Я тогда часто думал о Киричеве: зачем он так? Человек, видно, действительно смелый. Наверное, и под пули полез бы на ничейку раненого товарища вытащить, и с детишками-погорельцами хлебом бы поделился. Но что это — только долг, обязанность, радивое их исполнение? Отделимо ли это от прочего в человеке, когда обстоятельства уже не требуют подчинения долгу?..

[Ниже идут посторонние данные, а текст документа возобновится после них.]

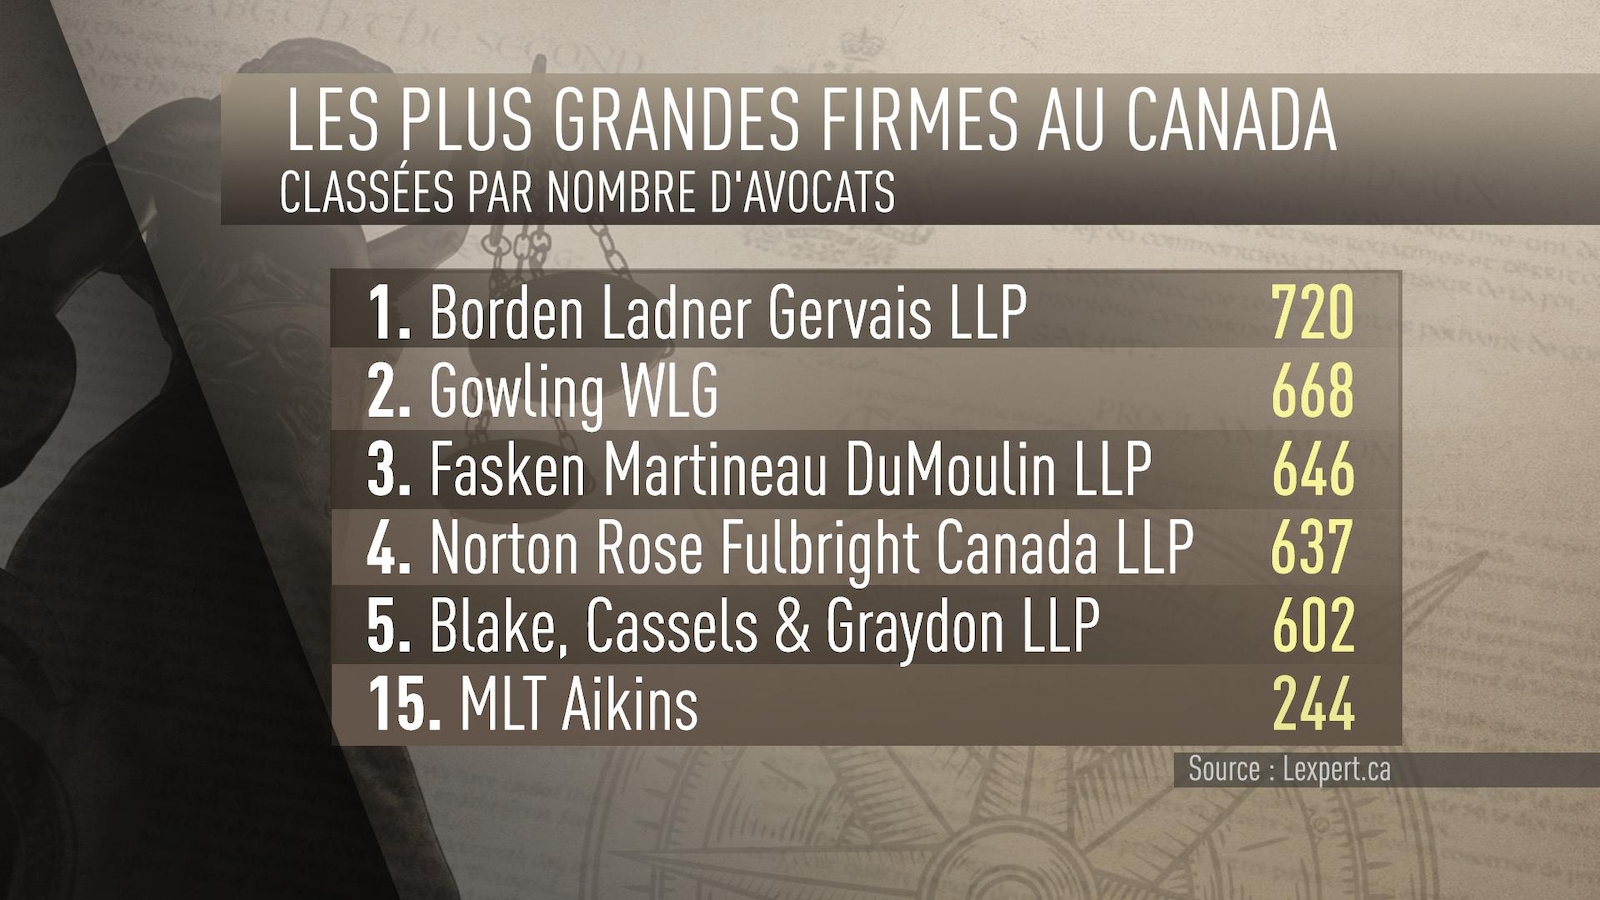 Seule une firme d'avocats présente au Manitoba, MLT Aikins, se classe au sein des 30 plus grandes firmes au Canada.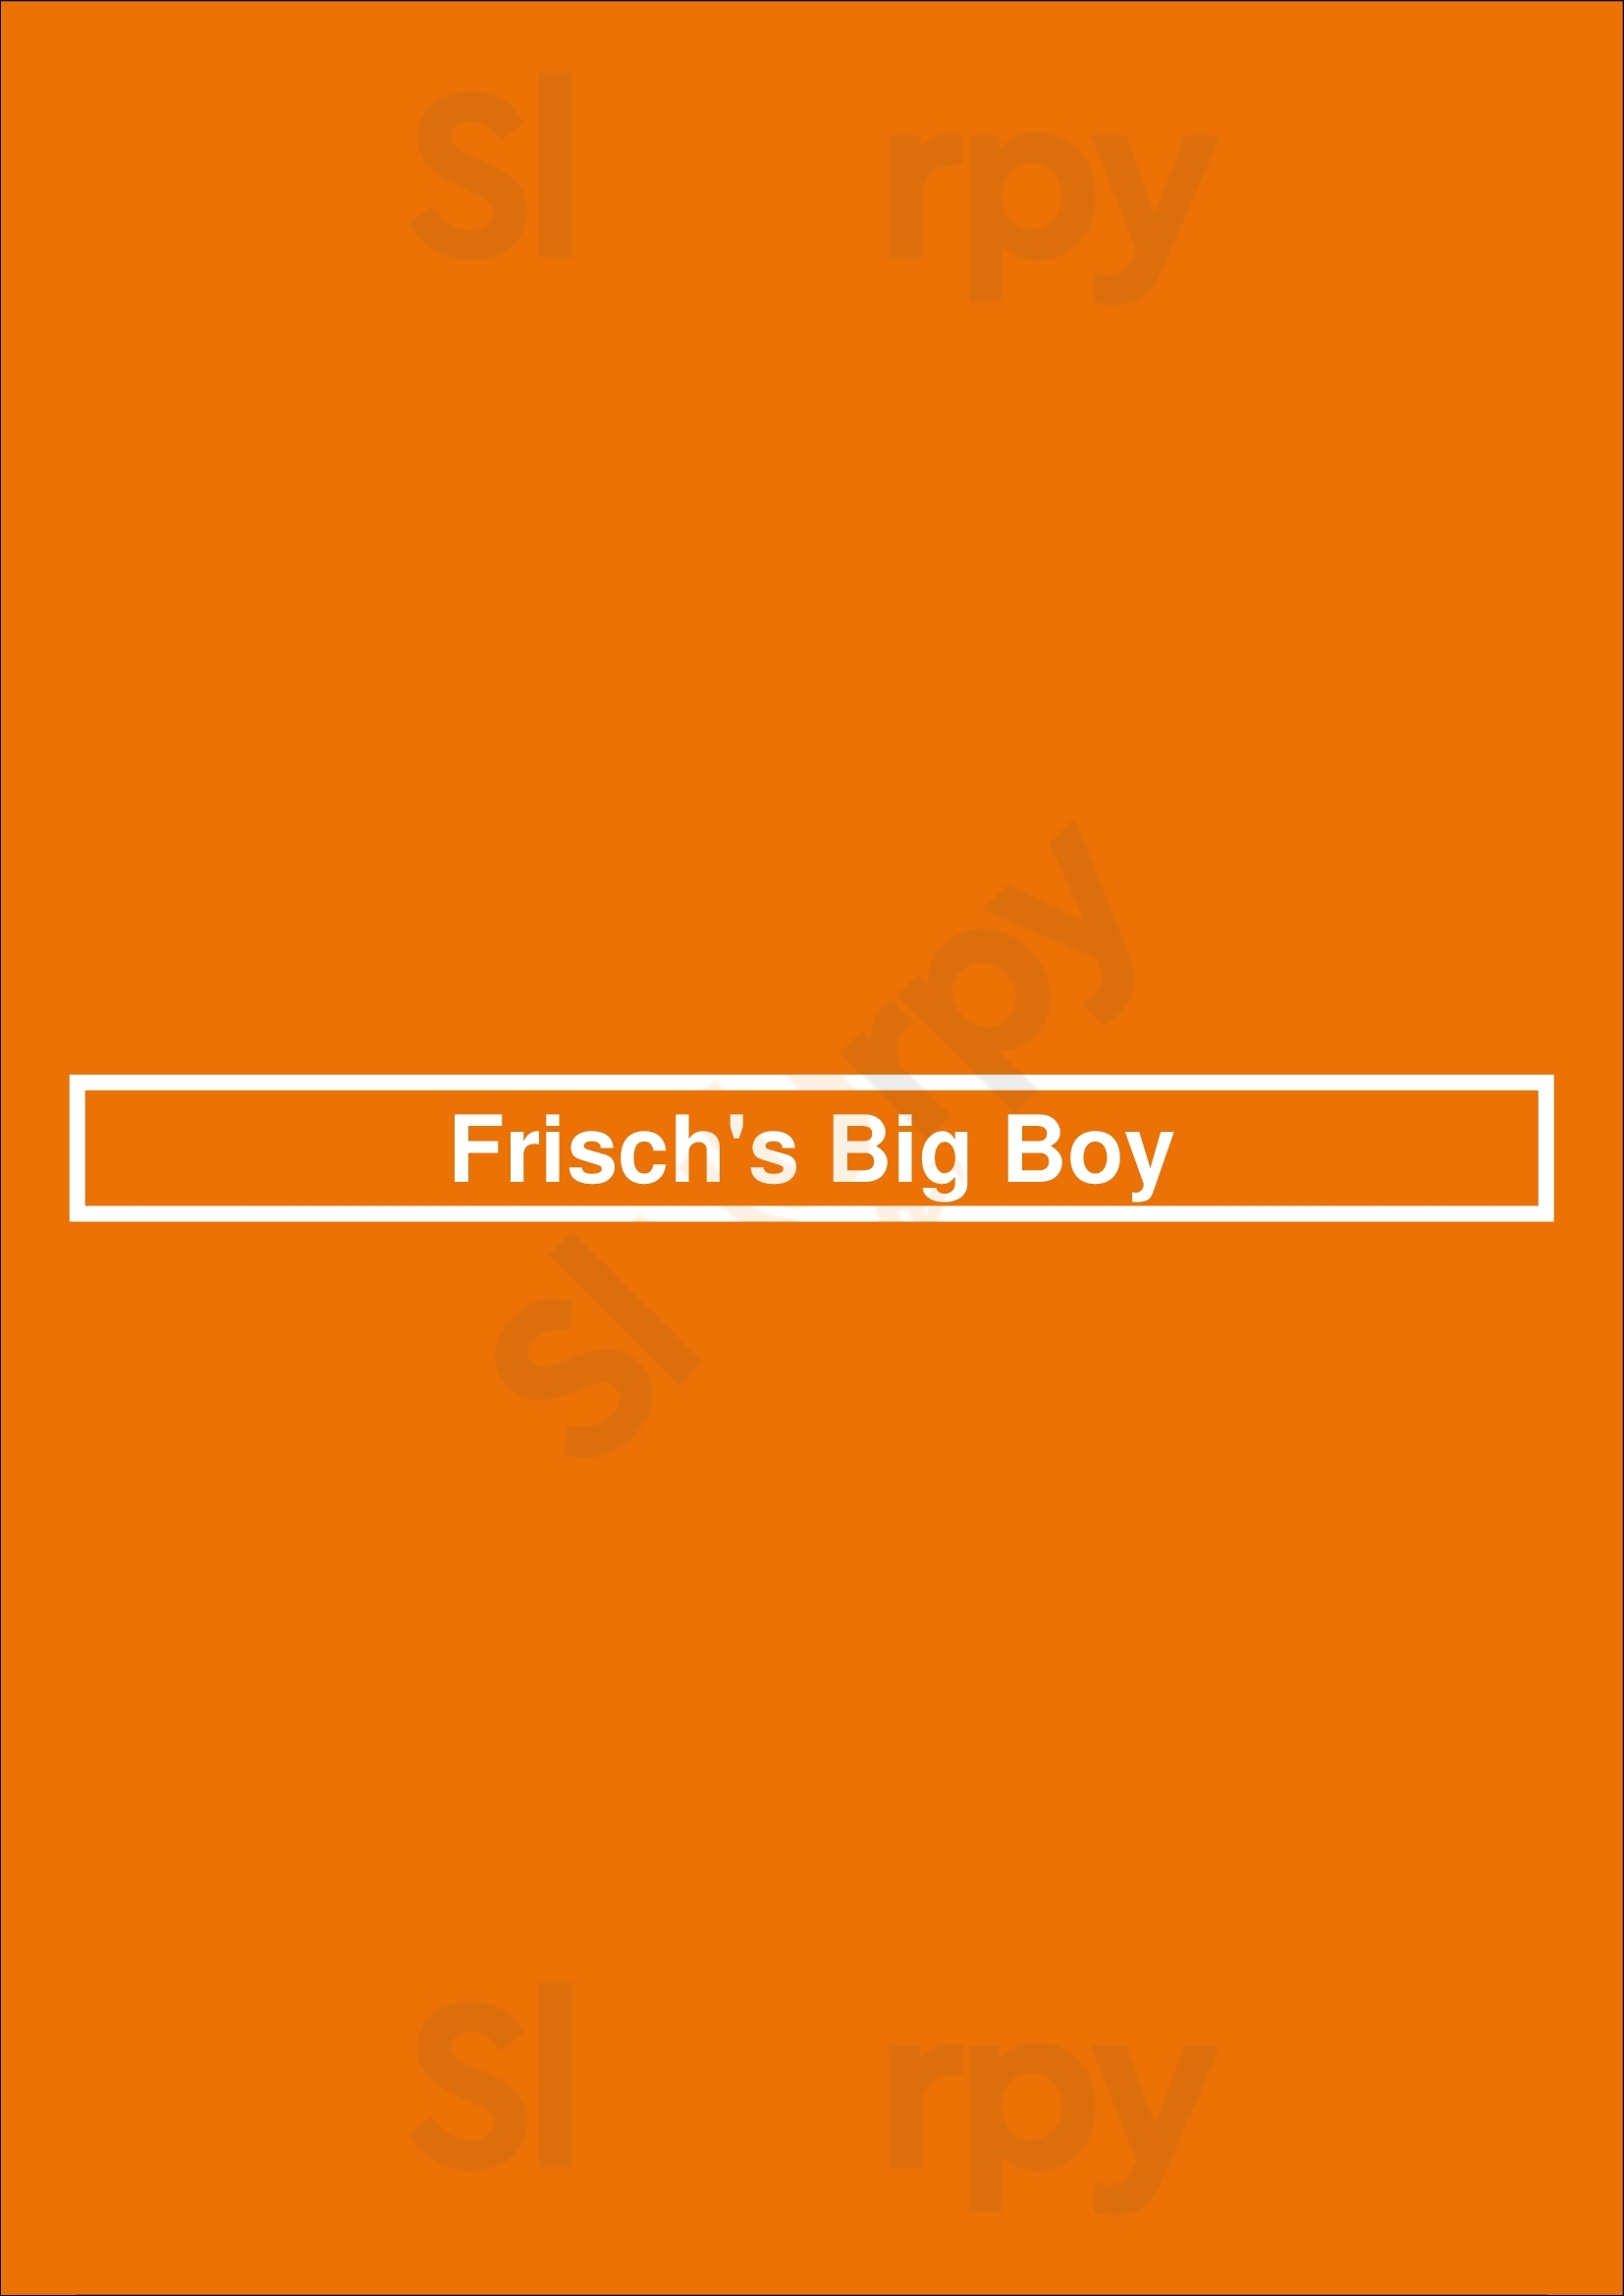 Frisch's Big Boy Middletown Menu - 1

В те дни и позже Шурка напоминал мне Сеню Березкина. Мягкостью, что ли, согласием, душевным складом. Сеня тоже искал и находил простые ответы на сложности жизни в доброте, что нередко злило Витьку. Лосев полагал: это — отжившие выдумки дешевой философии. Только жесткость, считал он, приспособит человека к условиям войны, поможет выжить и выполнить свой долг, а иначе все — размазня, в которой и самому утонуть недолго, и дело утопить. Витьке важен был главный результат, а не его издержки…

1943-й годжжжжж.

«8 января, пятница.

У всего есть начало, должен быть и конец. Но этому ужасу, по-моему, конца не будет

Кажется, что шевелится кожа — это вши. Я уже без стеснения, впрочем, как и другие, лезу под рубаху, чешусь, скребу ногтями, чтоб унять зуд.

И холод!

Боже мой, какой холод! Все костенеет.

У Густава Цоллера опухли ноги. Он с трудом стащил сапоги, ступни его обмотаны вонючими свалявшимися тряпками. Он содрал их и растирает грязные, вздувшиеся пальцы. Мерзостное зрелище. Меня мутит от вони, идущей из угла, где устроился Цоллер. Наверное, так же смердит и от меня…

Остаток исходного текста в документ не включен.